## Task requirements
What you give back should be exactly the lines from the one with "Forensic Accounting: Financial" through the end of the data, without the pictures.

## Data shown
+ + + + +

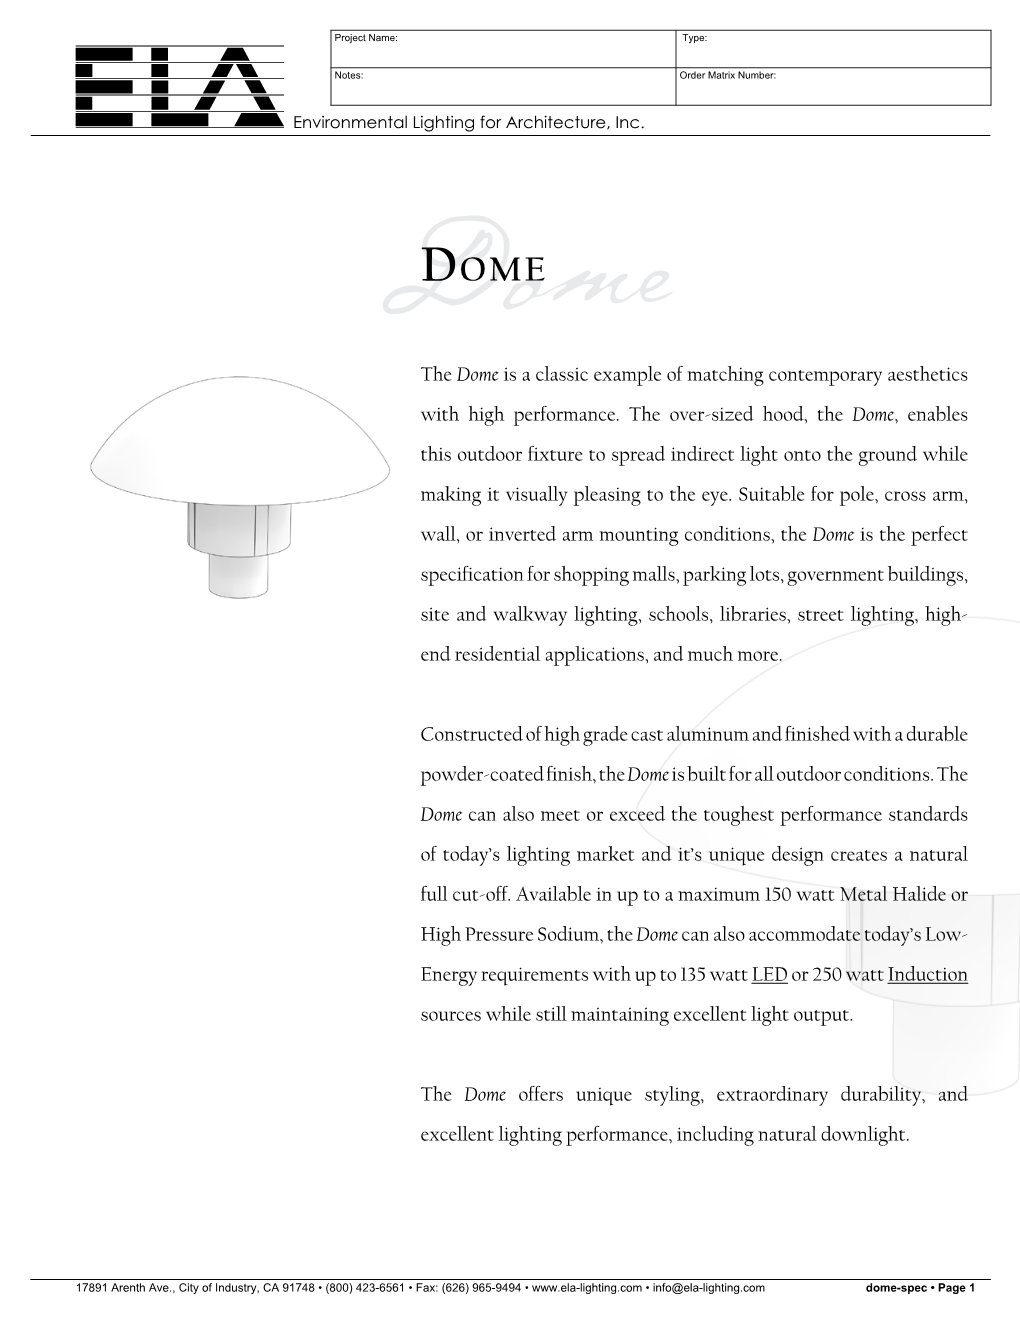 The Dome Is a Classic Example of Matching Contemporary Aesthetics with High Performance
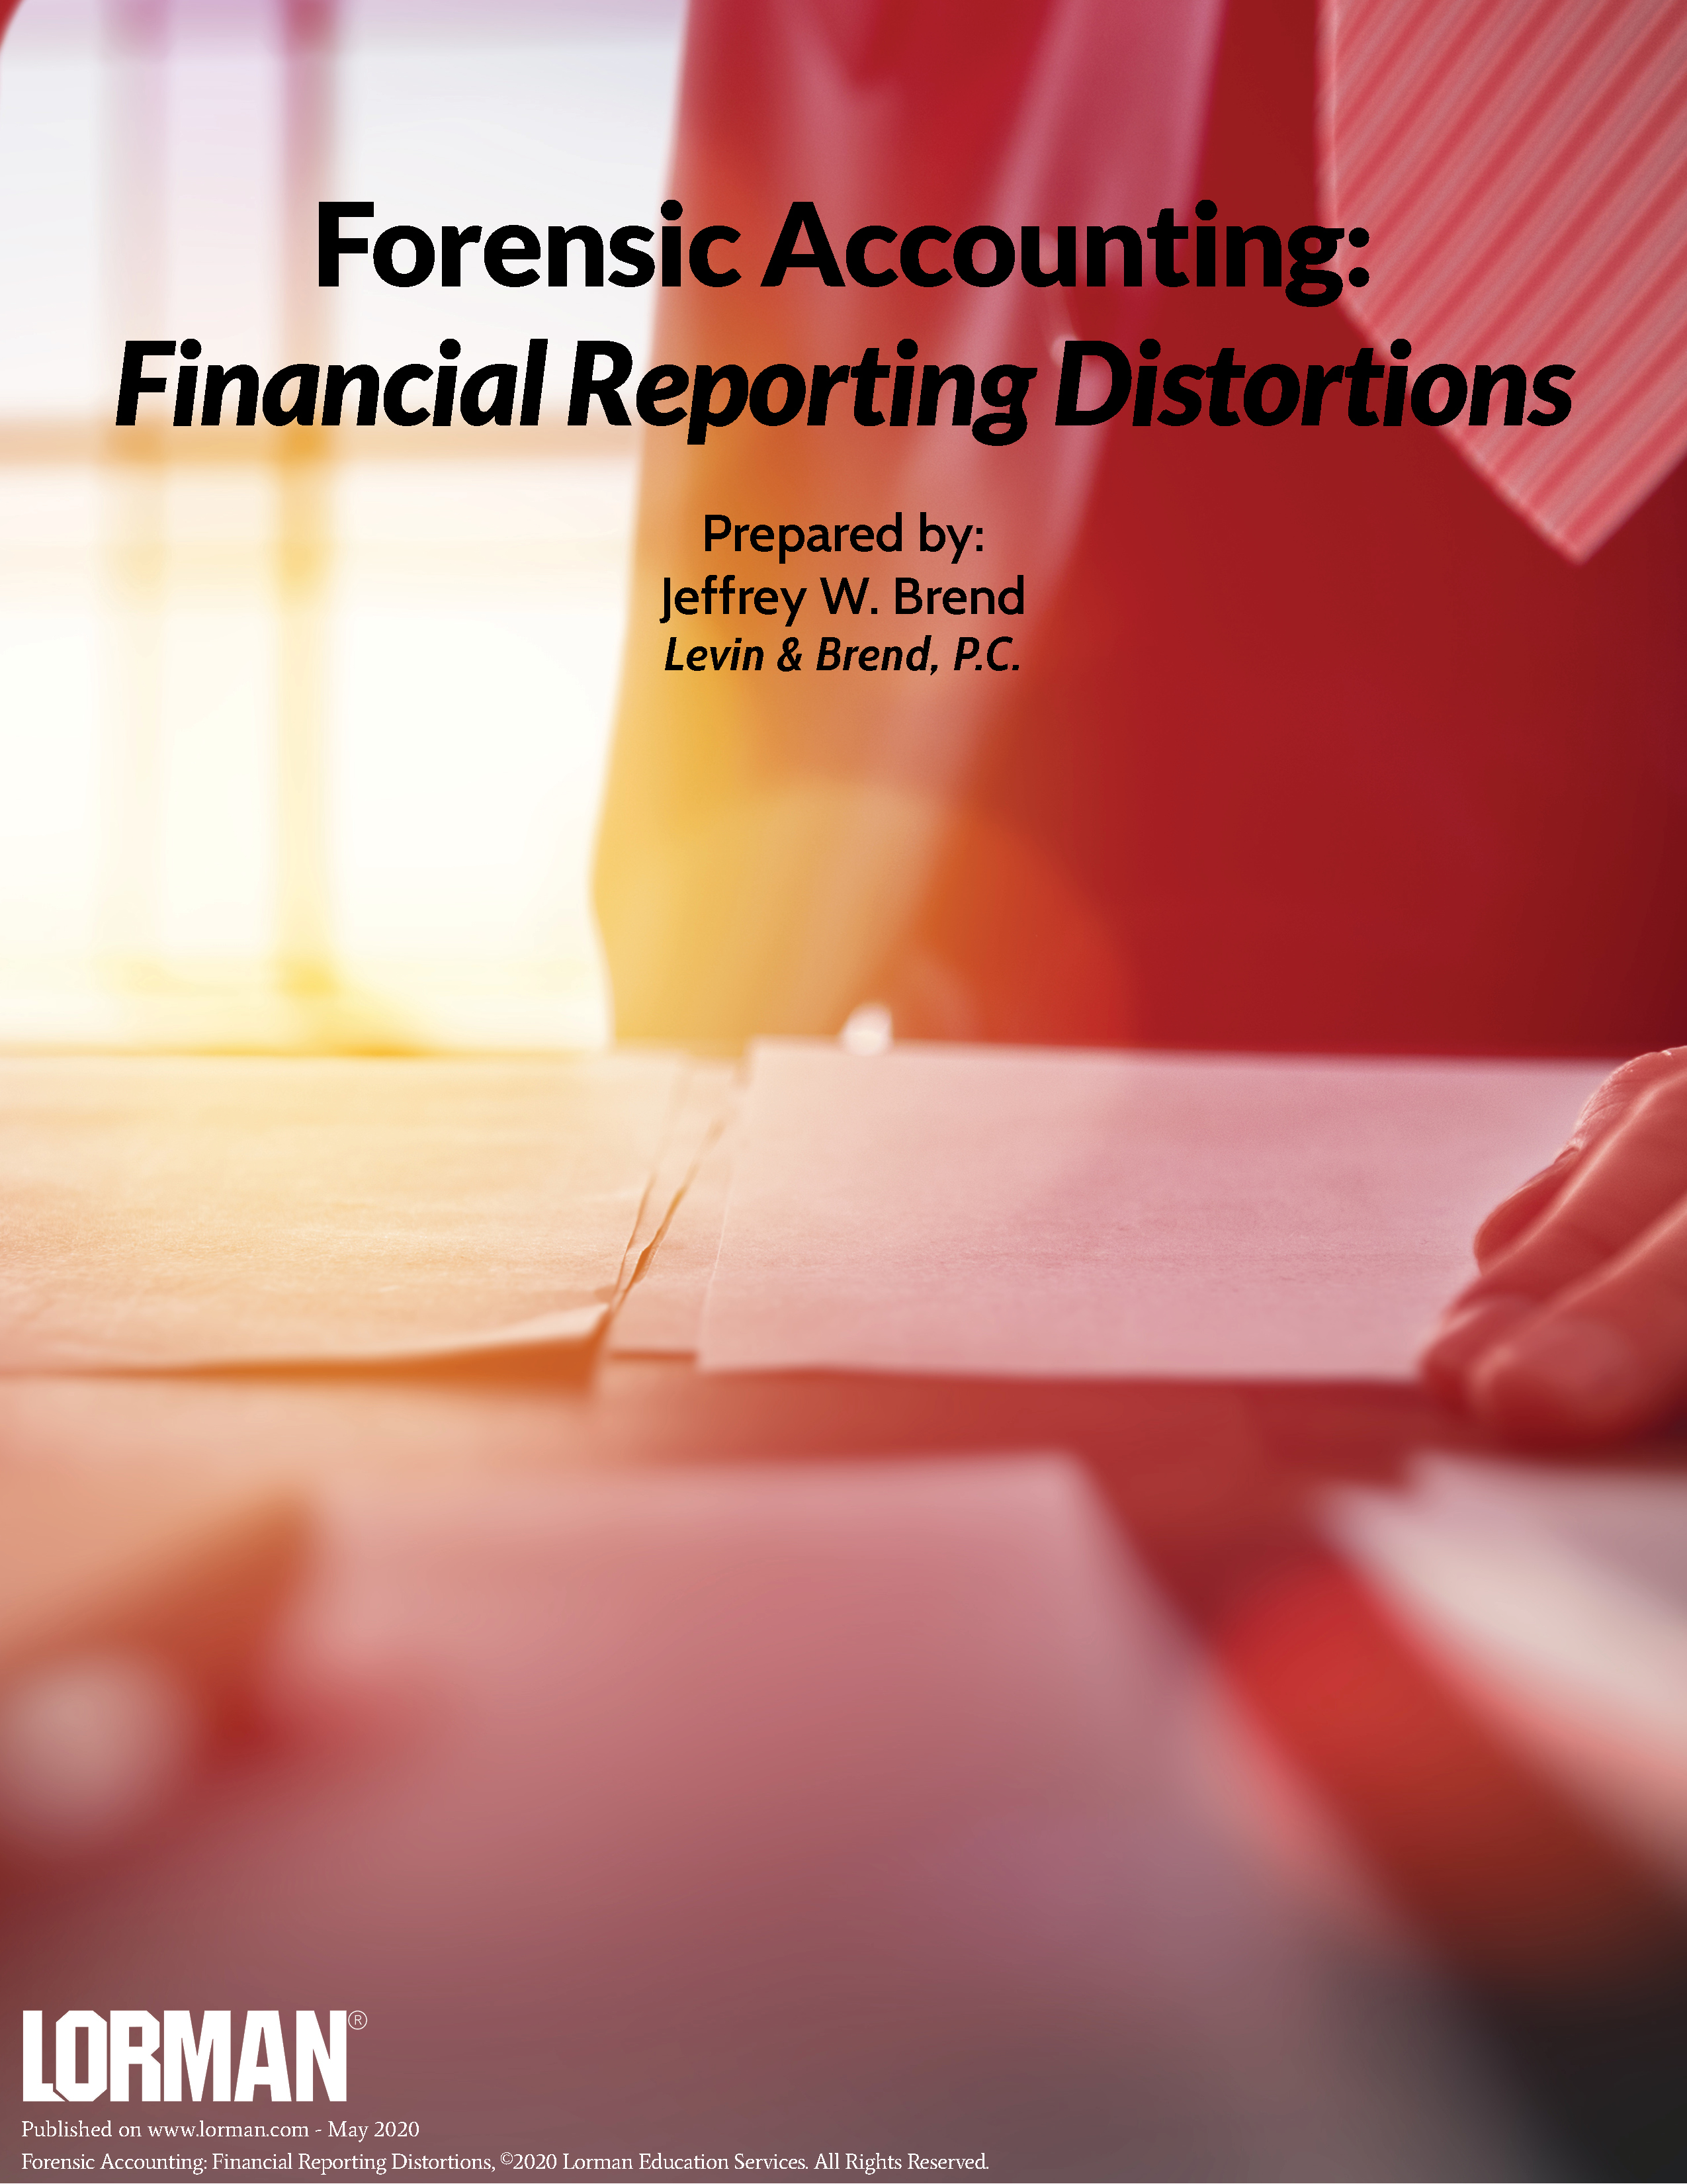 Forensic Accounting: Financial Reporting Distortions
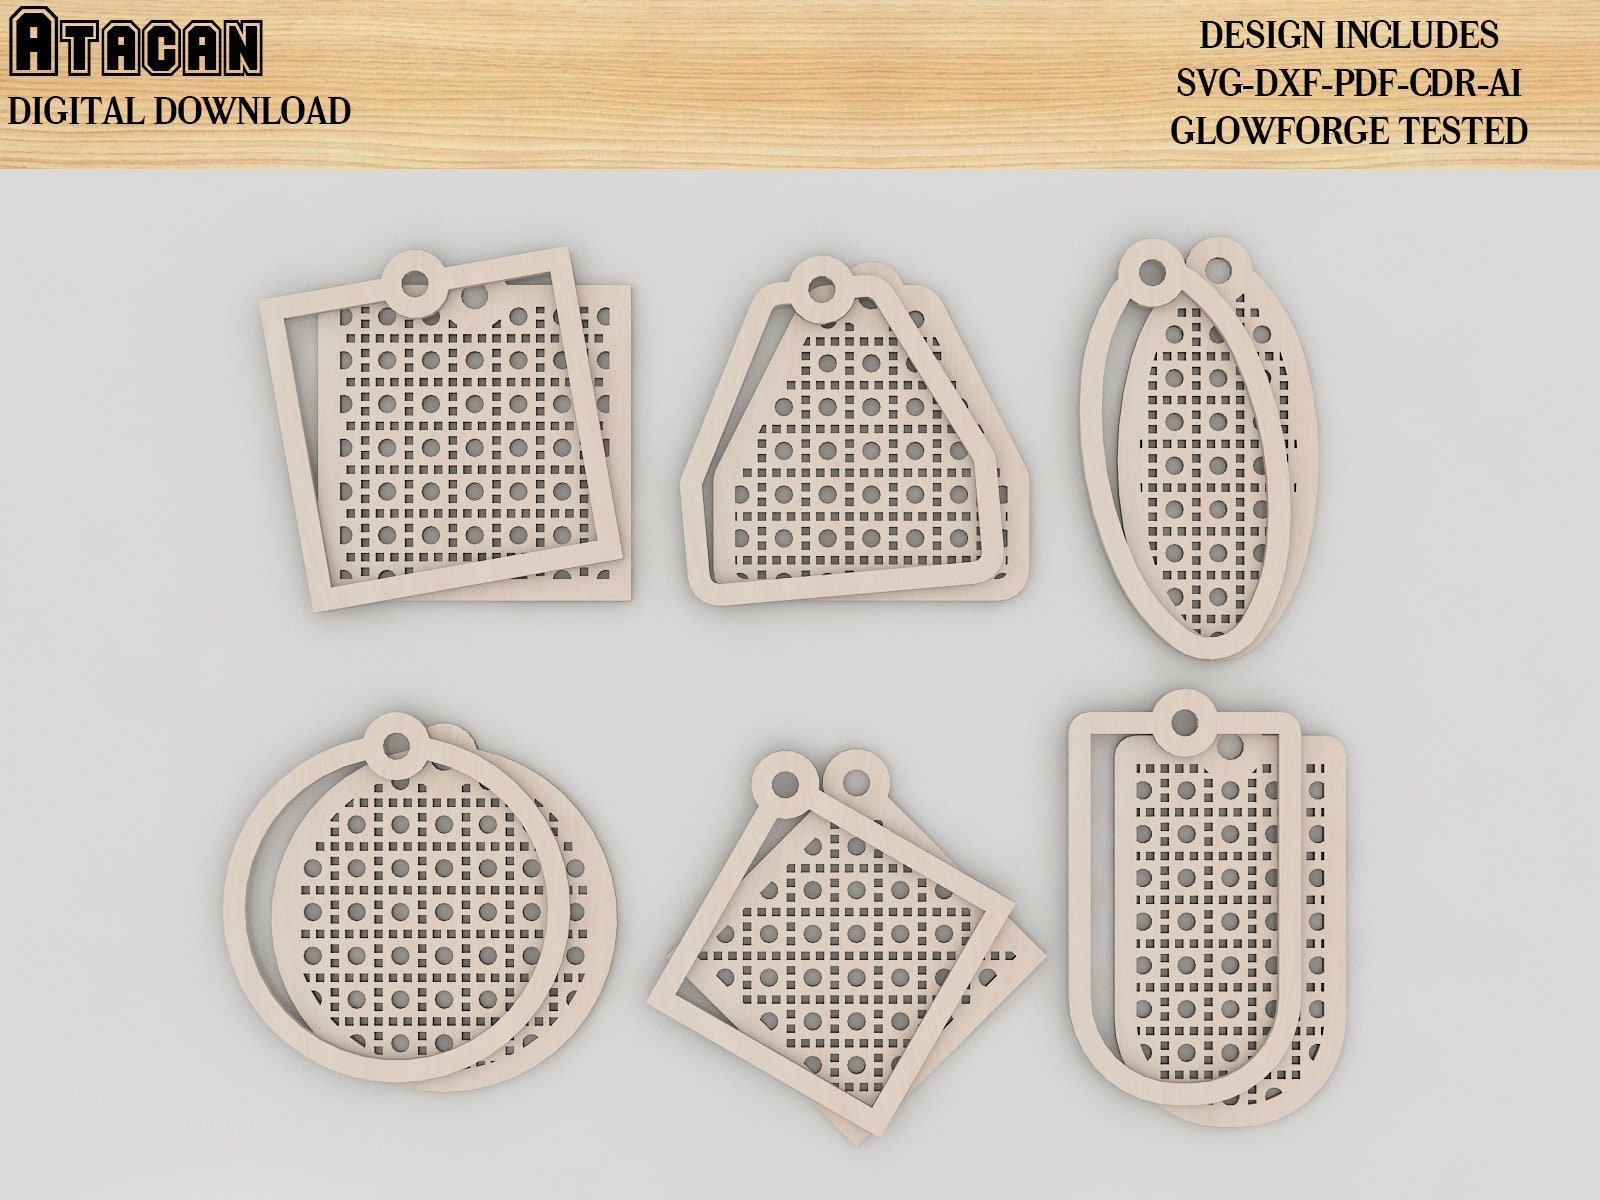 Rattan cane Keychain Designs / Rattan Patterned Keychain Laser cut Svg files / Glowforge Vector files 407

+ + + + +

## Exercise answer
 Forensic Accounting: Financial Reporting Distortions
 Rattan cane Keychain Designs / Rattan Patterned Keychain Laser cut Svg files / Glowforge Vector files 407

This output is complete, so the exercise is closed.